Съедобная экономика. Простое объяснение на примерах мировой кухни - Ха-Джун Чанг
А пока я учился готовить, британская кулинарная революция вступила в новую, решающую, фазу. Представьте этакий волшебный сон в летнюю ночь где-то в середине 1990-х: британцы, наконец проснувшись, вдруг осознали, что их еда на самом деле чудовищна. А как только кто-то признает, что питается черт-те чем (как это тогда случилось с британцами), он свободен обратиться к любой кухне мира. Ему больше не нужно упорствовать в том, что нет ничего вкуснее индийской еды, или неуклонно отдавать предпочтение тайским и турецким блюдам над мексиканскими. Можно есть все, что действительно вкусно. Какая же это замечательная, славная свобода! И именно эта свобода — в равной мере рассматривать все доступные варианты — привела к появлению, пожалуй, одной из самых изысканных и сложных пищевых культур в мире.

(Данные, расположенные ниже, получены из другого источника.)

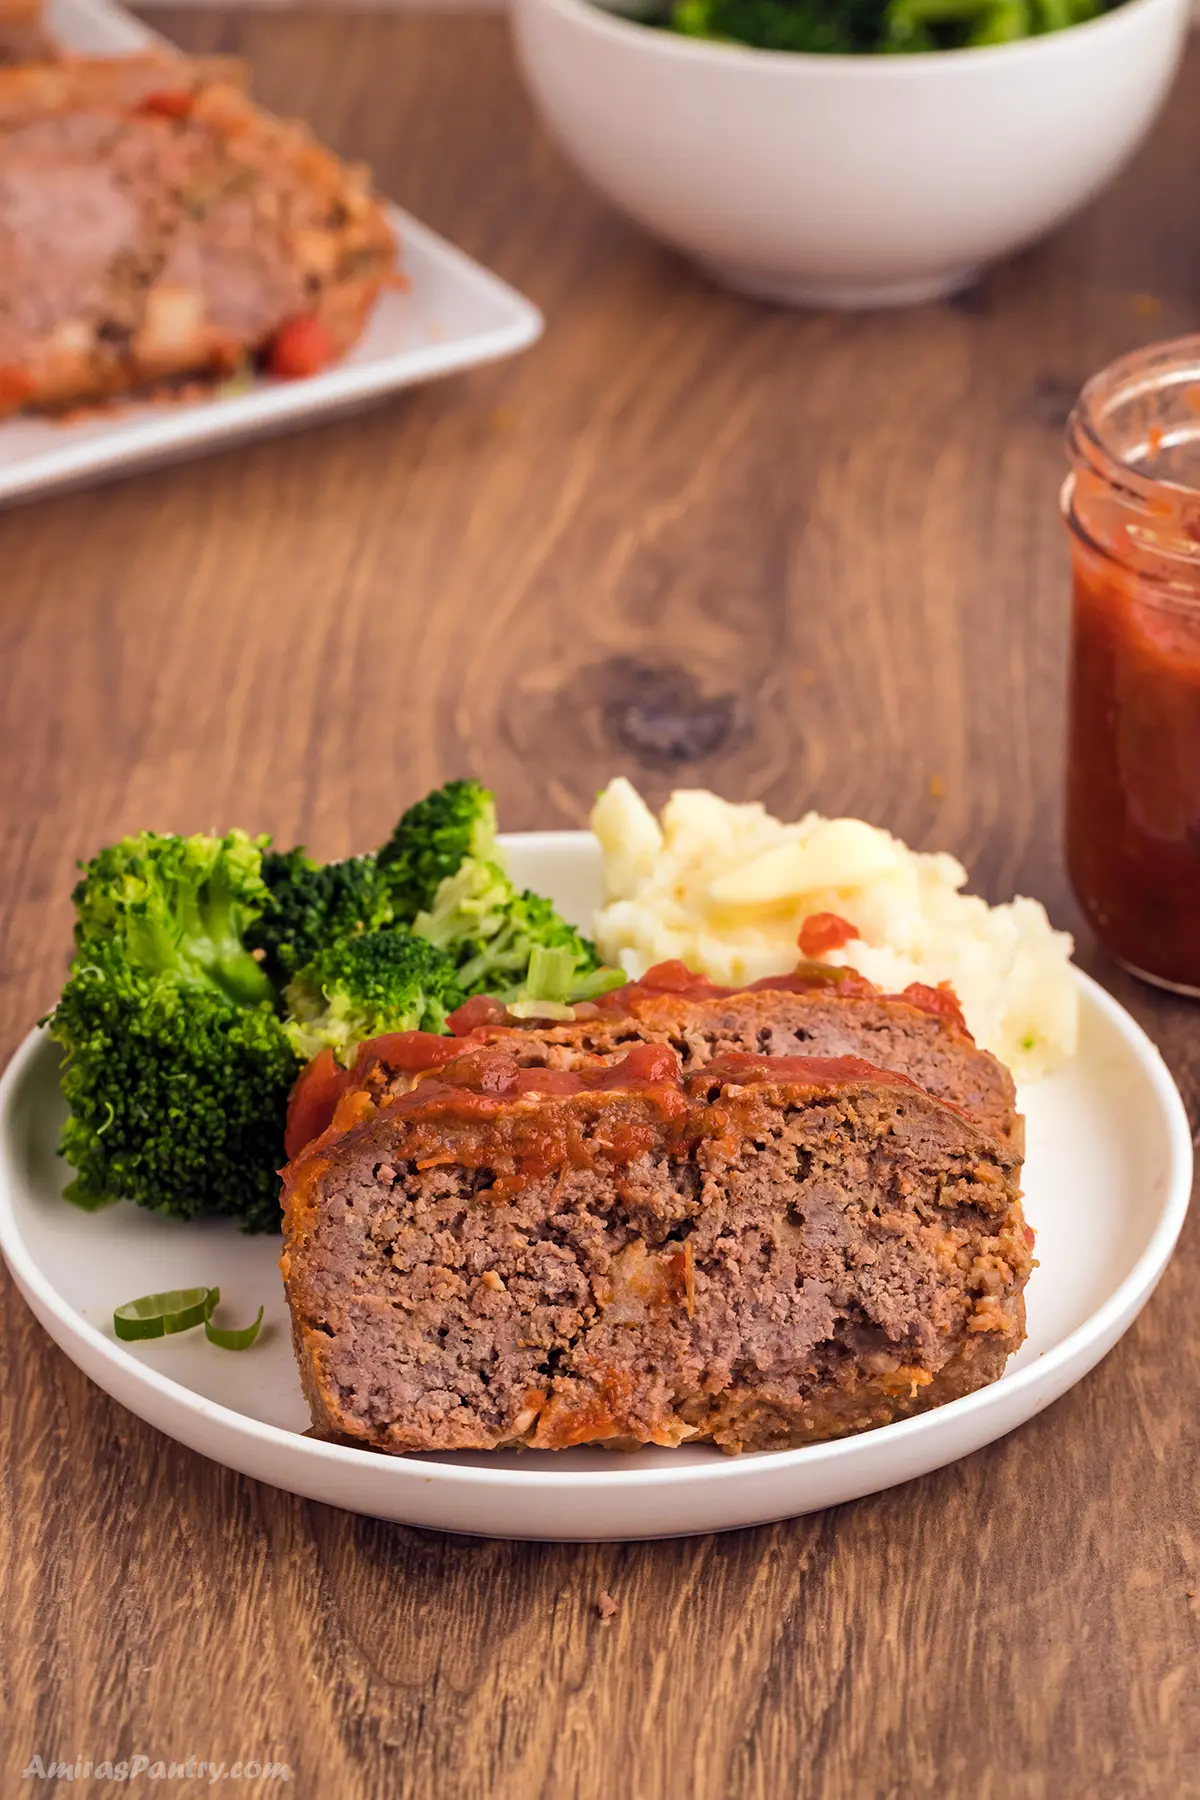 Meatloaf slices on a white plate with broccoli and mashed potatoes.

Великобритания превратилась в истинный кулинарный рай. Сегодня Лондон предлагает все, чего душа изволит: от дешевейшего, но отличного турецкого донер-кебаба, который вы будете уплетать в час ночи возле уличного фургона, до умопомрачительно дорогого традиционного японского ужина кайсэки (kaiseki). Вкусовая палитра варьируется от яркой, прямо-таки корейской наполненности и богатства до трогательной польской сдержанности. Вы можете выбирать между сложностью перуанских блюд с их иберийскими, азиатскими и инковскими кореньями и сочностью старого доброго аргентинского стейка. В большинстве супермаркетов и продовольственных магазинов продаются ингредиенты для блюд итальянской, мексиканской, французской, китайской, карибской, еврейской, греческой, индийской, тайской, североафриканской, японской, турецкой, польской, а порой даже корейской кухни. А если душа просит какой-то поистине экзотичной приправы, специи или ингредиента, то, скорее всего, поискав, вы найдете и их. И все это, позвольте заметить, в стране, где в конце 1970-х, по словам одного моего американского друга (тогда студента по обмену в Оксфорде) оливковое масло можно было найти только в аптеке. (Кстати, если вам интересно, его продавали там как средство для размягчения ушной серы[12].)

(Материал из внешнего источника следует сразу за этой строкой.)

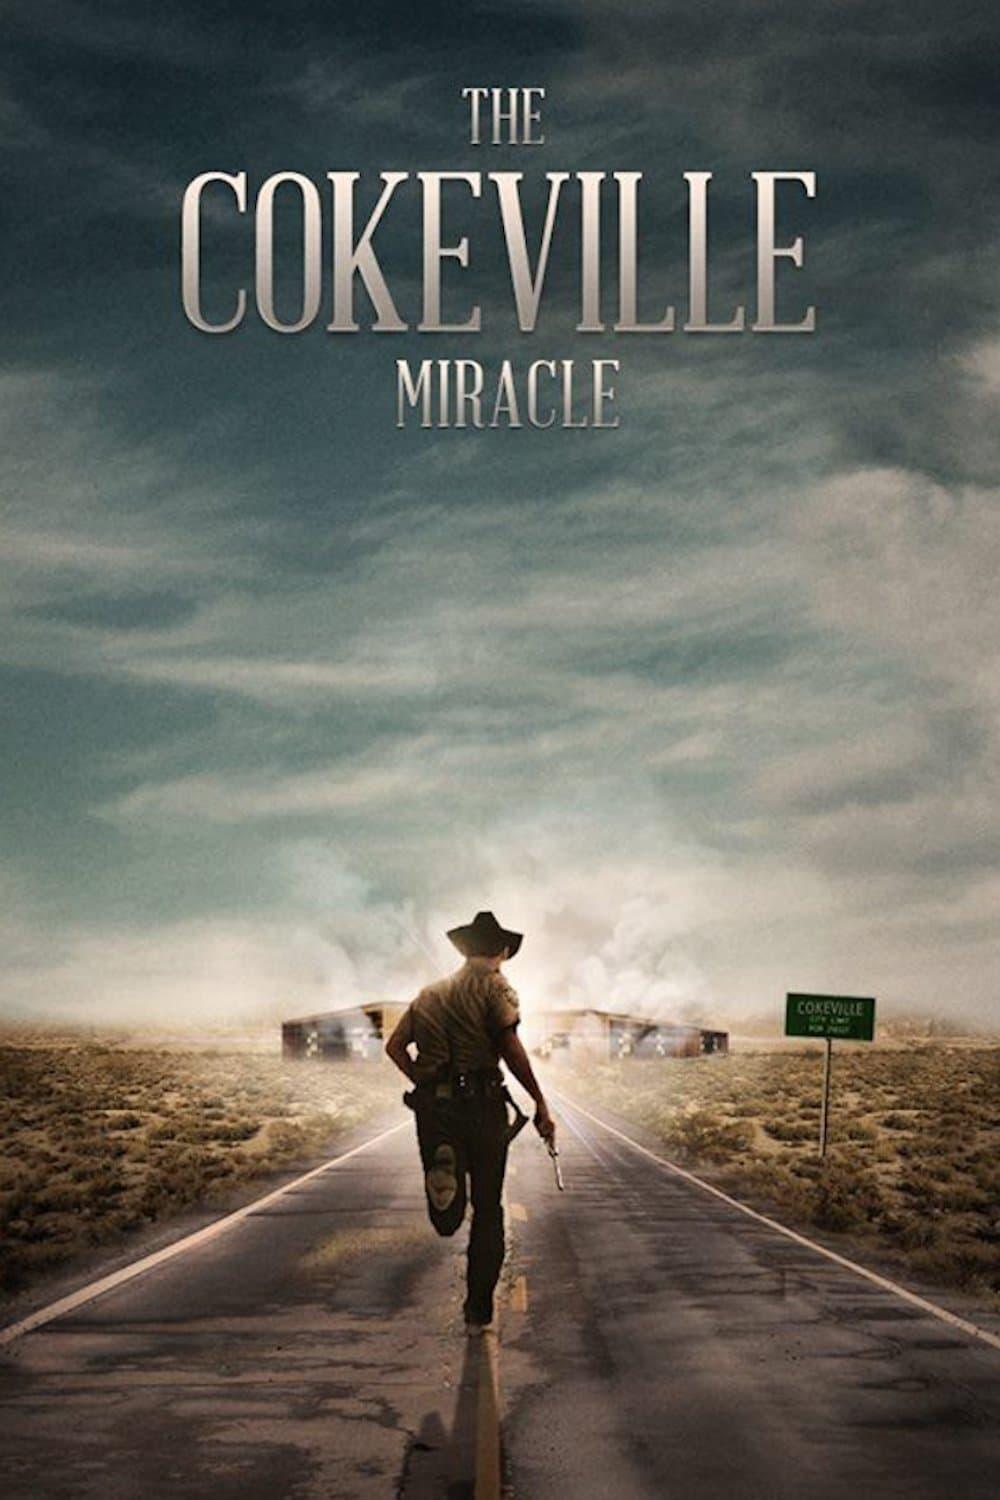 The Cokeville Miracle poster

Это, безусловно, общемировой тренд. С ростом объемов международной торговли, миграции и международных поездок люди повсеместно начали гораздо больше интересоваться иностранной кухней и новыми продуктами питания и стали куда более открытыми для них. И все же Великобритания выделяется на этом общем фоне — возможно, она вообще уникальна — тем, что с момента своего искреннего самоосознания (касательно качества пищи) британцы относятся к еде на редкость спокойно. В Италии и Франции с их мощно укоренившимися кулинарными традициями местные жители часто сопротивляются гастрономическим переменам и относятся к новому весьма настороженно. Вы найдете в этих странах замечательные рестораны национальной кухни, но кроме них к вашим услугам разве что американские сети быстрого питания, дешевые китайские ресторанчики да пара-другая магазинов, где продают фалафели или кебабы (они могут быть очень хороши, но не всегда), плюс, возможно, непомерно дорогущий японский ресторан.

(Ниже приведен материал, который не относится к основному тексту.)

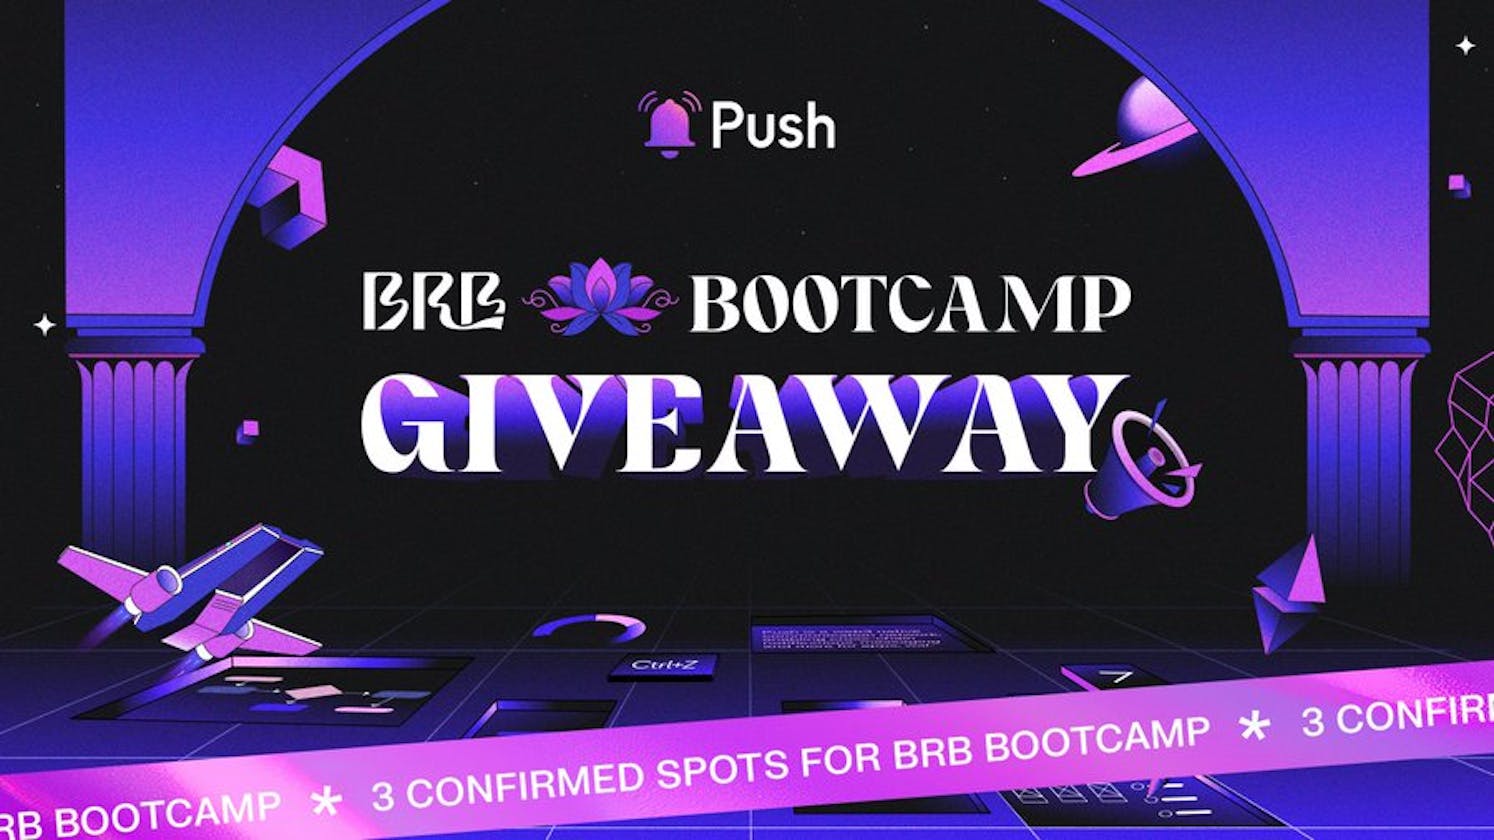 A Deep Dive into the PUSH BRB Bootcamp

В то время как моя гастрономическая вселенная расширялась с космической скоростью, другая моя вселенная — экономика, — к сожалению, всасывалась в черную дыру. До 1970-х годов экономика представляла собой на редкость пестрый спектр «школ», предлагавших всевозможные видения и методологии исследований: классическую, марксистскую, неоклассическую, кейнсианскую, девелоперскую, австрийскую, шумпетерианскую, институционалистскую, бихевиористскую и еще множество других; я перечислил тут только наиболее известные и значимые[13]. И эти школы не просто сосуществовали, а взаимодействовали друг с другом. Иногда они сходились в чем-то вроде «матча смерти» — как, например, австрийцы с марксистами в 1920–1930-х годах или кейнсианцы с неоклассиками в 1960–1970-х. В других случаях взаимодействия были более позитивными. Каждая из этих школ была вынуждена дорабатывать и оттачивать свои аргументы из-за постоянных дебатов и политических экспериментов, проводимых правительствами по всему миру. Школы нередко заимствовали друг у друга идеи (причем часто не признавая этого должным образом). Некоторые экономисты даже пробовали объединять разные экономические теории. В общем, до 1970-х экономика довольно сильно напоминала нынешнюю гастрономическую сцену Великобритании: множество разных кухонь (каждая со своими сильными и слабыми сторонами), которые агрессивно конкурируют за внимание публики. Все они гордятся собственными традициями, но не могут не учиться и не заимствовать друг у друга; постоянно имеют место преднамеренные и случайные объединения и слияния.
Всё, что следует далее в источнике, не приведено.